The camera, used as intended, with auto-exposure
or manual mode's metering, exposes a well-balanced scene correctly.
Then are you trying to do?
It is only when manual mode is used and the setting chosen from an
external meter or sunny f16, that the discrepancy exists.
My 10D is spot on incident, slightly overexposes (1/3 stop) in reflective, when metering fom my Gossen Luna Pro F, using sunny 16... and full manual on camera

It exist
because the camera says "ISO 100", but it's metering for ISO 40.
Even if, for the sake of argument, the camera were under-exposing
to avoid clipping highlights, 1.3 stops of underexposure leaves a
full 5.1 stops of headroom above middle grey, and 4.5 stops of
green and blue (in white daylight) in RAW mode, and 3.5 stops in
JPEG mode. But, it clearly does not do that. With its own
metering, it frequently blows out highlights in JPEG mode.
You are now discussing the "range" of exposure that your chip has... remember all meters are calibrated to 18% medium gray... let me say that another way "all meters are calibrated to produce an accurate 18% medium gray". This is taught in the zone system, beyond the zone system and virtually every competant photo guide out there.
The bottom line is that taking the ISO values my 10D claims to be
using, literally, results in gross under-exposure.
If so, you need to have something calibrated, either your camera or your handheld meter. This is not an inherent defect in this camera. Again mine is spot on..... to med gray mind you, it is irrelevant to check anything else. At least for purposes of testing your meter as you are then discussing the dynamic range of your chip.

Using sunny
f16, in raw mode, a bright white object in direct sun registers
about 1000 out of 4095 RAW levels in the blue and green channels,
and about 600 in the red channel. That's 2 to 2.5 bits per color
channel, down the drain, unused.
You are once again discussing the dynamic range of your CMOS chip, not the metering system

John, I am not sure what your real agenda is, but a number of people here have said this same thing to you in a myriad of ways... you are confusing your issues I am afraid... best of luck...

G.
 
I just shot a gray card under partly cloudy skies at f/16, ISO 100, 1/100.

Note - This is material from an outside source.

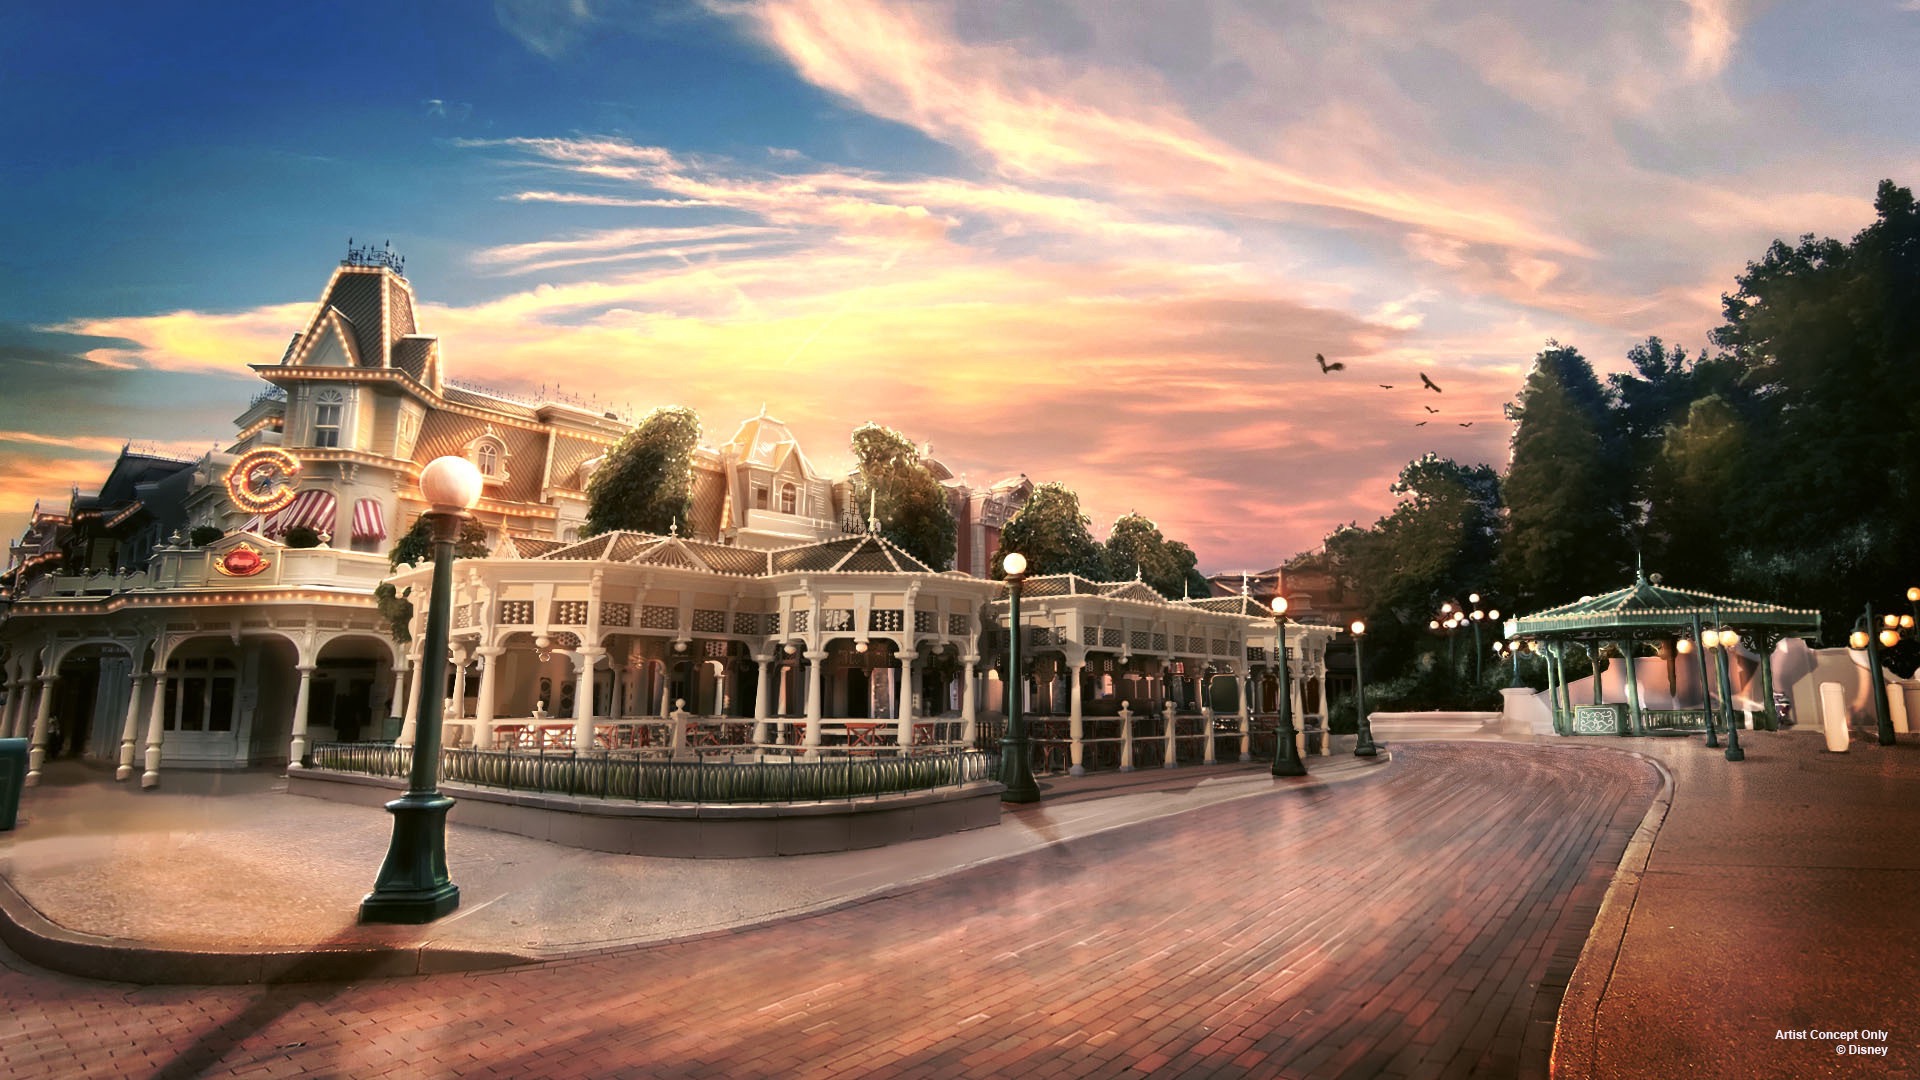 Disneyland Paris launches weatherproofing plan to protect guests from the Weather Conditions.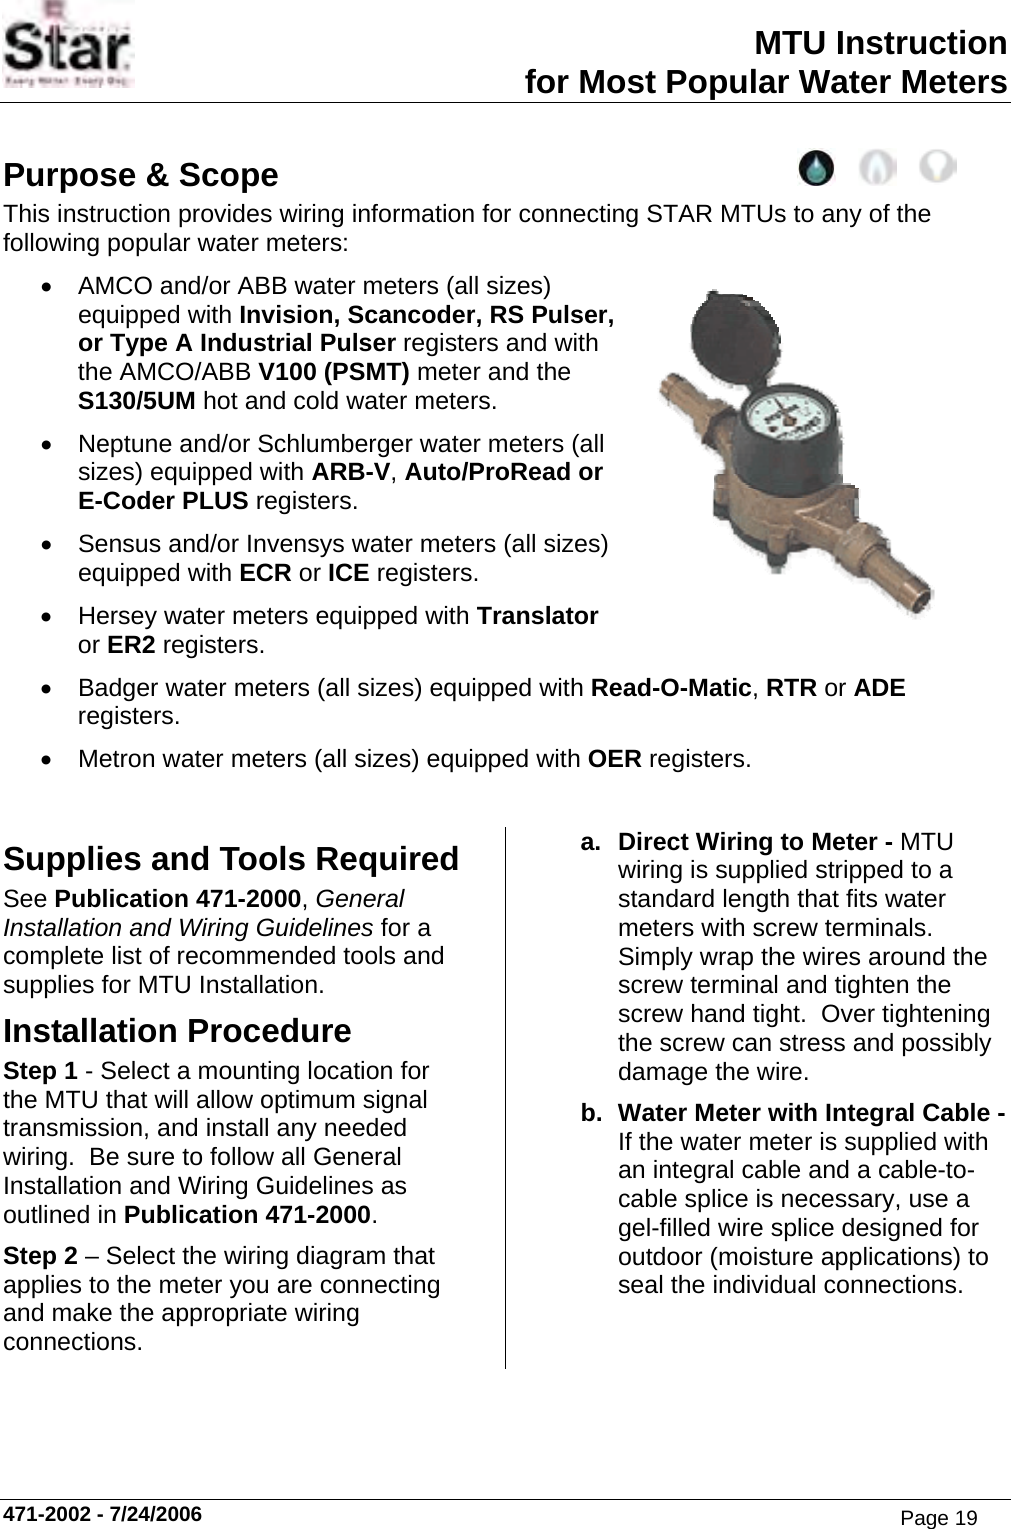 Page 19 of Aclara Technologies 09015 Transmitter for Meter Reading User Manual users manual

The results seem to show that my camera is pretty much on the mark with the Sunny-16 rule. Even though it shows about a half stop under...I'd consider this minimal and would blame it on the 'partly cloudy' skies....the sun is not fully out today but I did grab a chance where the sun was fairly bright. So I'd account for the half stop difference with the fact that it's partly cloudy today.

I wouldn't consider these results a problem and if you're seeing something much different I'd consider taking it up with Canon...it doesn't seem that it is a systematic defect with 10D's in general.

Here's my results:



Here's the EC slider adjusted to bring it right to the middle....+.55


Has anyone tried using "Sunny f16" in manual mode with a 10D on a
sunny day?

When I do, the pictures are under-exposed by over a stop. When I
check exposure of a flat, grey surface or blue sky in the camera,
and compare it to my Sekonic meter, there is about 1.3 stops
difference.

This casts a shadow on the integrity of the camera's "low noise at
high ISO", when ISO 800 is really ISO 320, no?